A significant amount of day-to-day effort is spent navigating internal friction rather than helping customers solve problems. In many situations, getting the right internal resources aligned, approved, or engaged becomes more difficult than the customer challenge itself. There are overlapping teams, competing organizational priorities, and conflicting incentives across departments that frequently slow execution and create unnecessary complexity for both employees and customers.
One of the more discouraging aspects of the culture is the disconnect between effort, customer impact, and reward. Many of the people working the hardest to support customers and move business forward appear to struggle the most internally, while visibility and internal positioning often seem to matter more than execution or collaboration. Over time, this creates a frustrating environment where highly collaborative and customer-focused employees burn out or leave, while less effective but more politically aligned individuals continue to advance.
There is also an increasingly unhealthy expectation around availability and work-life balance. Extended hours, working during vacations, and remaining constantly connected are heavily normalized. In some internal leadership discussions, executives were publicly praised for working during major personal life events — including one example where the CEO was commended for continuing to work during his daughter’s wedding. While dedication and customer commitment are important, over time this creates a culture where boundaries feel discouraged and sustained burnout becomes normalized rather than addressed.

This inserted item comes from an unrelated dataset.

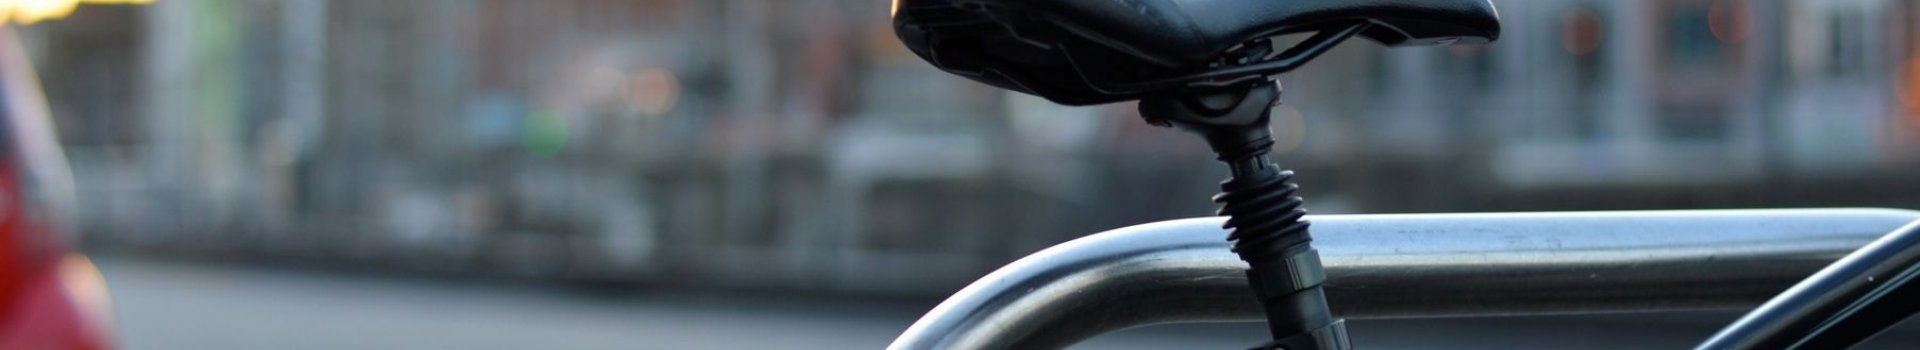 Jak najwygodniej przemierzać szlaki rowerowe? Dobieramy najwygodniejsze siodełka

In many areas of the organization, managers appear more focused on upward optics and organizational positioning than enabling front-line teams to execute efficiently. This creates a culture where internal alignment becomes more important than customer outcomes.
The company still has a few excellent people but they seem to leave and those who are bad seeds get promoted, The level of internal complexity, organizational friction, and work-life imbalance materially impacts both employee experience and customer experience.
Process and systems internally are completely broken and everything requires an IT ticket and 6 weeks to be resolved. Plus you can’t actually talk to anyone any longer outside of the ai bot Panda or slack, of which no one who can demo actually posted attention to. It’s super dysfunctional.
In general the field sales teams are NOT valued or making any $$$. Be prepared to be pinned against your rep by management and will have to go to bat for the company to do what’s right for the customer or even the business every minute of the day. It’s exhausting.
There is pretty much no accountability or follow through with any hq or support resources on requests. But remember. The problem is ALWAYS the employee, never Palo….
Add the hiring of vast Cisco staff that panders to their management and now you have a totally toxic culture that doesn’t want to hear anything but how great they are. Very sad.